The authors agree that both ‘textual’ and ‘archaeological’ evidences are required but to affirm the ‘chronology’ of any incident described in the text is ‘difficult’. They continue that the ASI practices are marked by this ‘uncritical use of early texts’. Plus, there is ‘serious absence of academic engagement and training at ASI and that the archaeologists look upon themselves as ‘government officers’ as they are ‘directly answerable to the central government.’ Moreover, ASI has full control over the archaeological sites of excavations and one has to obtain their permission for entry into any. Any finds and researches or conclusions from others are, apparently, ‘not recognized until scrutinised by the ASI.’ The problem is, ‘…academically, the work that archaeologists of the ASI have produced has little standing within the social sciences in India and abroad’. However, the problem is worse than just that. To quote further, “these (ASI excavations) involve ‘everything else but research. It is about money, corruption, public performance, politics, favouritism, personal gains, and everything else. Research is just an excuse. Go and ask any archaeologist and ask what is research and you will know that it means nothing to him.” In their notes, the researches say, that these are excerpts from a PhD thesis on the ASI submitted to the Department of Cultural and Social Anthropology at Stanford University in 2007 by Ashish Chadha which was based on his interviews with ASI personnel. To get into the institute of archaeology one needs to have ‘personal connections’ with archeologists of ASI, and none else apart from the institute is accepted into ASI. Read further their notes, and you will come across ”all senior archaeologists in the ASI have right-wing sympathies. They might not be RSS pracharaks, but they are openly with the BJP…”

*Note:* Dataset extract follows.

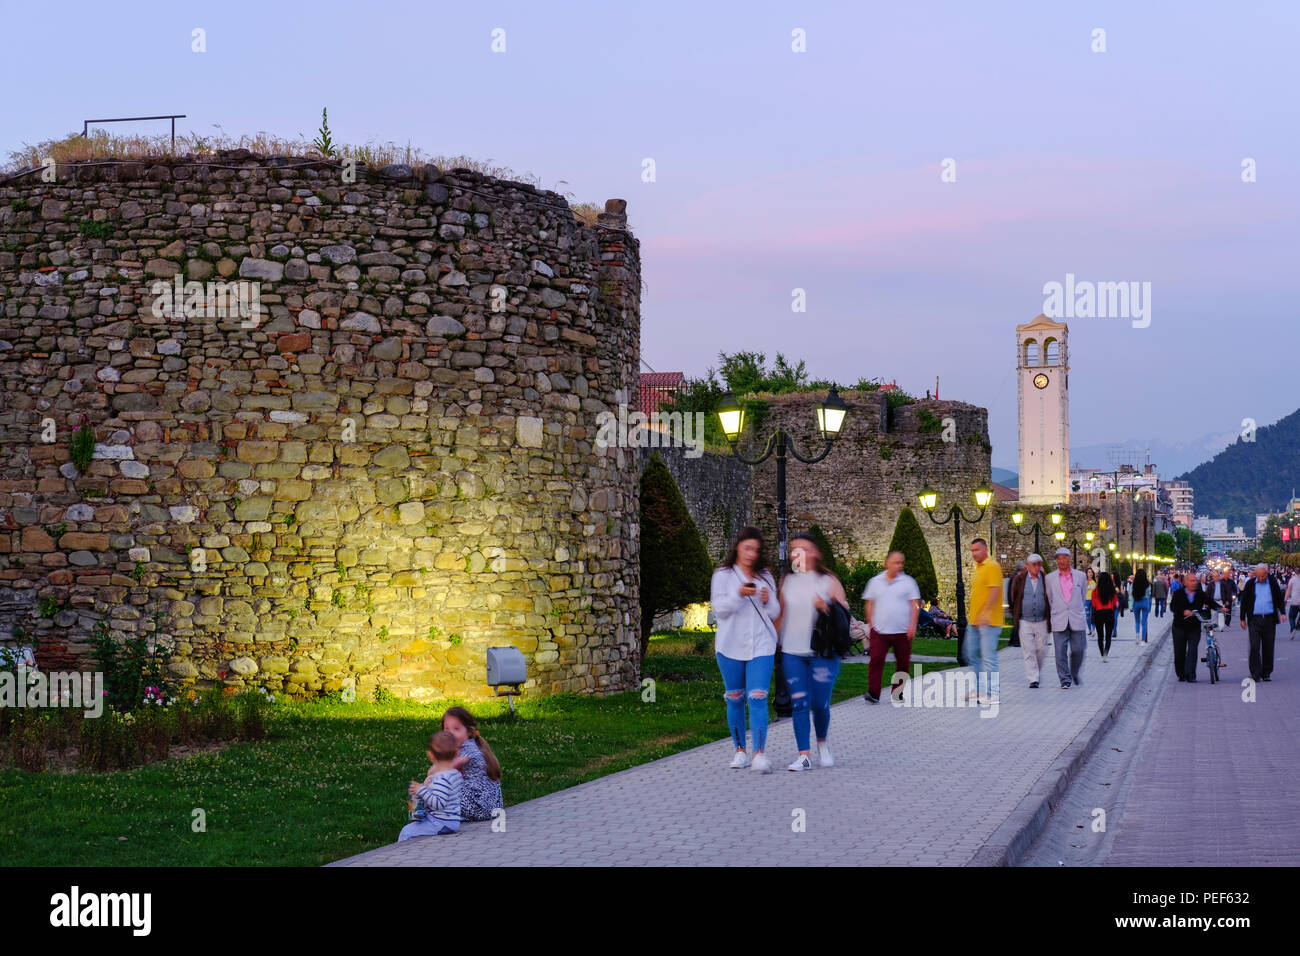 Festungsmauer und Turm, Dämmerung, Elbasan, Albanien Stockfoto

With regards to the Indian Council of Historical Research, it has been in the news for all the wrong reasons, saffronisation being just one of them.

Its strange how they keep clamouring about correcting the made up wrongs done centuries ago by Muslim rulers and talk of the present Muslims in the same breath, while they easily ally with our colonisers, who were oppressors involved in mass killing with rock-solid evidence and who left us just a few years ago.

One must know that Muslims (or any other minority) don’t need a certificate of patriotism from our historians who are busy doctoring our past, which is by now a well-established fact. To pose arguments, and to be able to engage in healthy debates in a wholesome tone with no hidden sarcasm and implications, alone is the sign of a ‘civilised’ mind. Our sensibilities are yet to reach that level of maturity when we, despite our intellectual differences, look at one another amicably, and be averse to any emotional rant of ‘us and them’. As long as poisonous minds keep working in our country as politicians, historians, writers, journalists and researchers with their ever growing supporters, national harmony will remain a dream never to be fulfilled.